Materials provided —
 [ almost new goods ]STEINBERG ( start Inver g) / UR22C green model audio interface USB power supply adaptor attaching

...

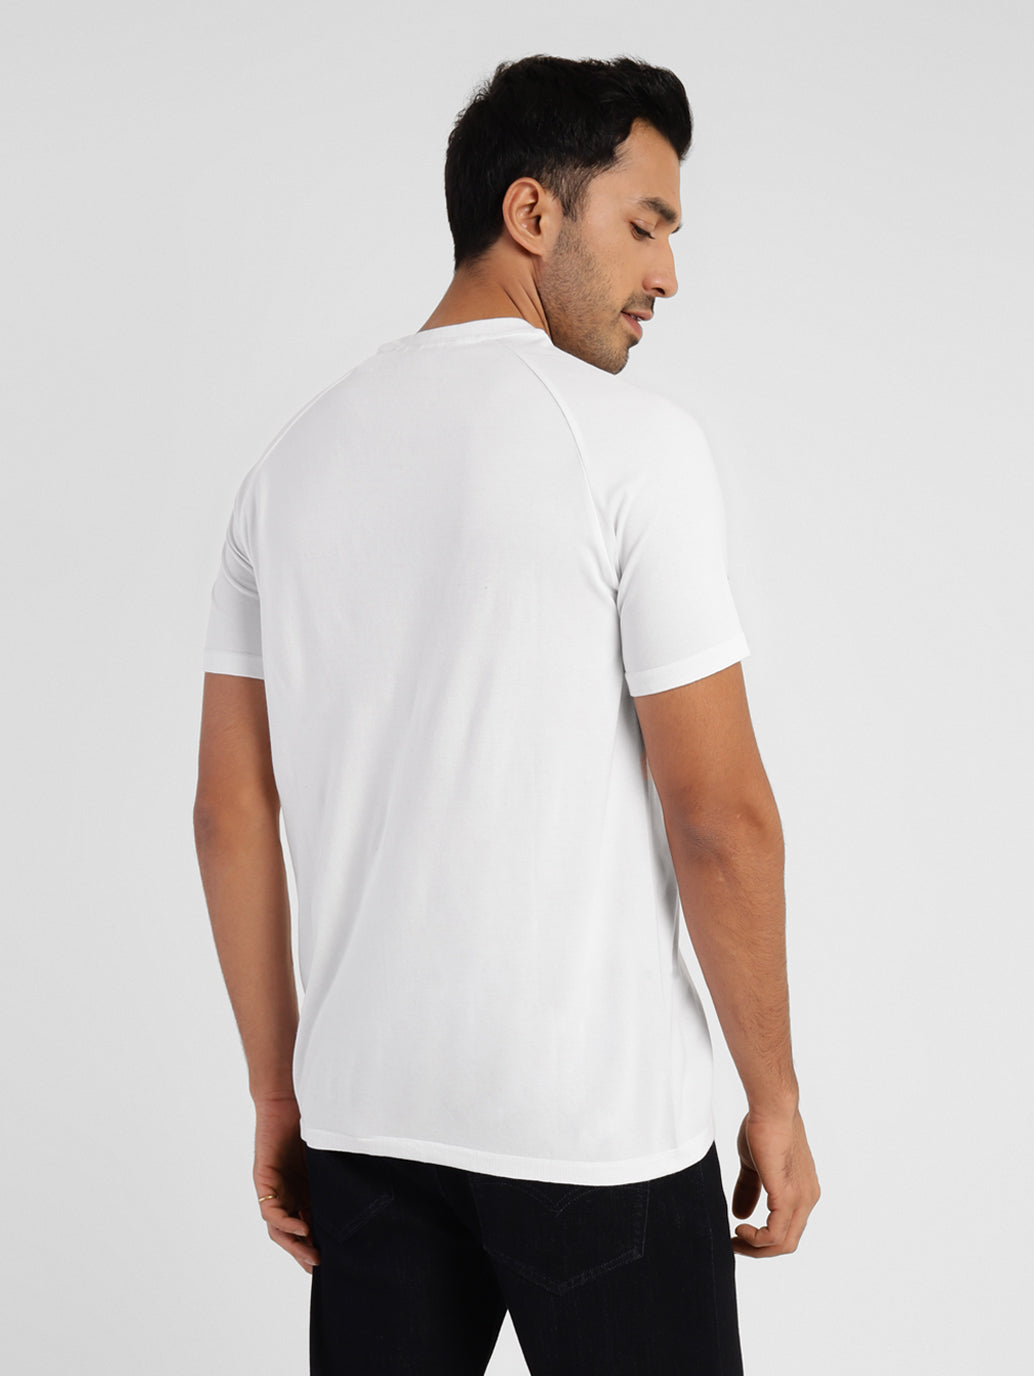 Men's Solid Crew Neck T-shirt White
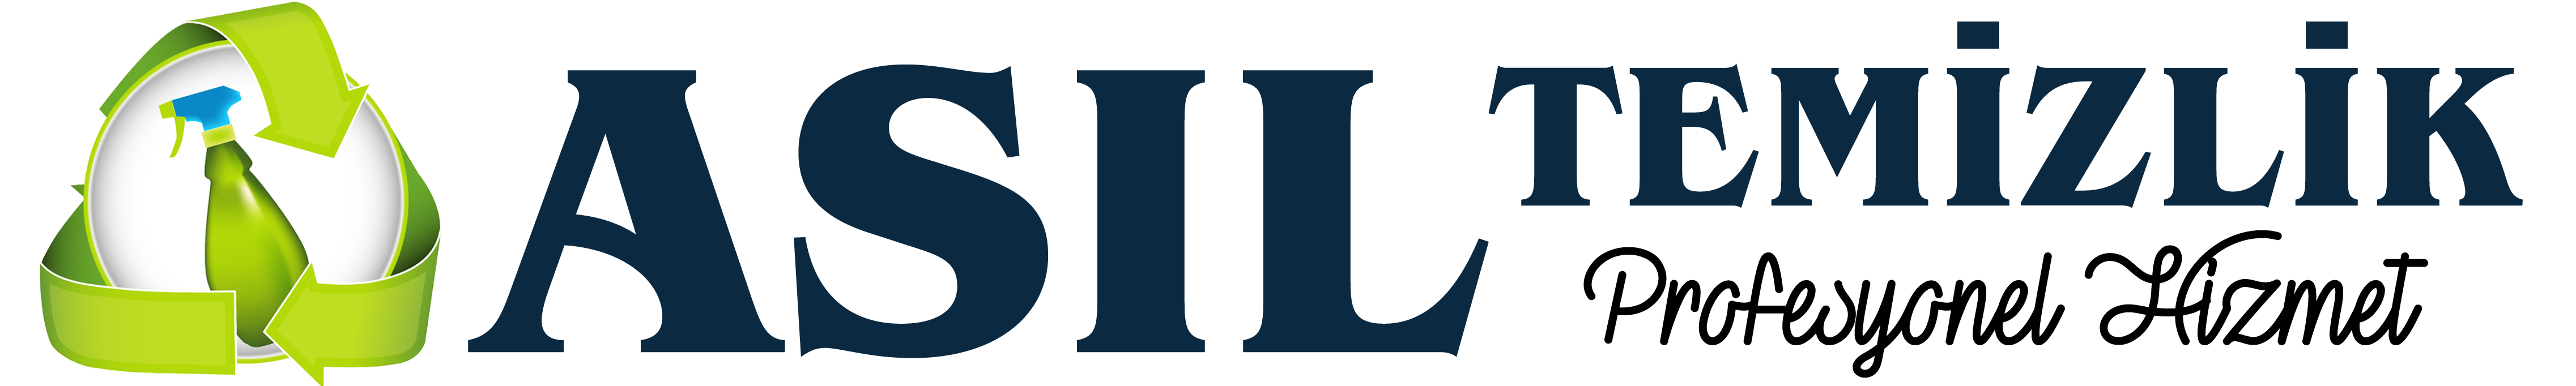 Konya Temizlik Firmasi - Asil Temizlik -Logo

* * *

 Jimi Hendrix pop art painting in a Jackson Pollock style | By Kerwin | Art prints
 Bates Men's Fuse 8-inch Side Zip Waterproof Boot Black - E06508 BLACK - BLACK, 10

The task — Write down, word for word, the lines above from the one containing "Jimi Hendrix pop" through the one containing "Bates Men's Fuse", both ends included.

Response to this exercise —
 Jimi Hendrix pop art painting in a Jackson Pollock style | By Kerwin | Art prints
 Bates Men's Fuse 8-inch Side Zip Waterproof Boot Black - E06508 BLACK - BLACK, 10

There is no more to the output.